Hearing from the leaders of the tech world is always revealing, and very often surprising. In our second annual Silicon Valley Insiders Poll, a panel of 101 executives, innovators, and thinkers weigh in on some of the biggest technological, political, and cultural questions of the moment.


Ah, the eternal question: Are we in a tech bubble? Not surprisingly, people are pretty well split on this one. For lots of folks in and around Silicon Valley the answer is a simple “no” or “yes.”

On the “yup, totally a bubble” side, there’s Katrina Lake, the founder and CEO of Stitch Fix. “Call me old-fashioned, but I don’t consider buying lemons for $1 and selling them for $0.75 a sustainable business model. The number of businesses out there that losing money on every transaction is astounding.”

And on the “nope, not a bubble” side, you’ll find Andrew Thompson, the CEO of Proteus Digital Health: “We are in the first minute of the first hour of a massive technology cycle. I have no doubt in 1920 people were saying that electricity was causing a tech bubble. But that did not stop the transformation that followed. The incredible power of a building where you could ‘plug in’ is being multiplied many times by the opportunities created by a mobile device where you can ‘log on.’”
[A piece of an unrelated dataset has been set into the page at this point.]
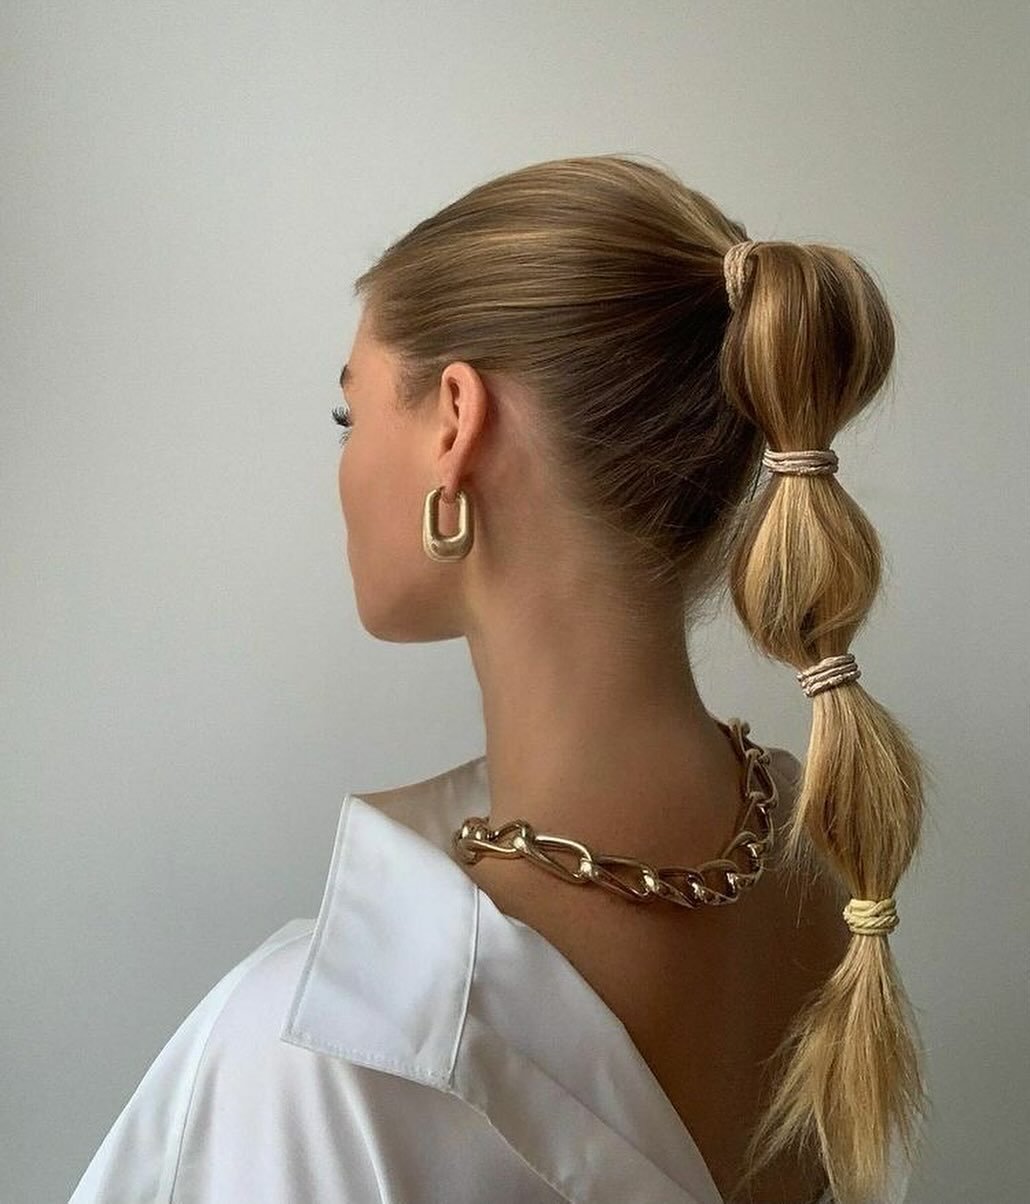 some spring hairstyle inspo 🌸

#queuedecheval #springinspo #hairinspo #ponytail #hairstyleinspo

For others, the question was a bit more complicated: “Yes. But nobody knows how long it will last or how bad it will be when it pops,” said Todd McKinnon, the CEO of the firm Okta. “And since we don't know that, it doesn’t help much to know we're in one—which everyone knows even if they won't admit it.”

And even among those who disagreed about whether we are really, truly, officially in a bubble, one thing came up again and again: The mega valuations tech firms are getting these days are absurd—and there’s no way they can last forever. “Are VCs acting stupid with their valuations? Absolutely,” said Danah Boyd, a principal researcher at Microsoft Research and the founder of the Data & Society Research Institute. “Too much is focused on hype instead of substance and a few will win the lottery on idiocy, but that's not what's propelling this current phenomenon. There's enough substance on machine learning, data, networked labor, and other substantive pieces for this current situation to ‘pop’ in the dot-com sense. But that doesn't mean that individual companies won't come crashing down.”

Other than that, people’s responses got pretty meta. “We’re in a ‘is it a tech bubble?’ bubble,” said Marco Zappacosta, the CEO of Thumbtack. “Being in a tech bubble is the new normal,” said Kentaro Toyama, the writer and computer scientist.

And if we are in a bubble? The general consensus seemed to be: Well, then we’re in a bubble, I guess. What can you do?

“Probably, but it doesn’t matter,” said Kevin Kelly, one of Wired magazine’s co-founders. “Technology is a bubble machine. It makes clouds of bubbles. After each one pops it is replaced by another.”

Really, the question of whether we’re in a bubble won’t go away until the next big crash. Until then, the eternal question remains eternally unanswerable, too.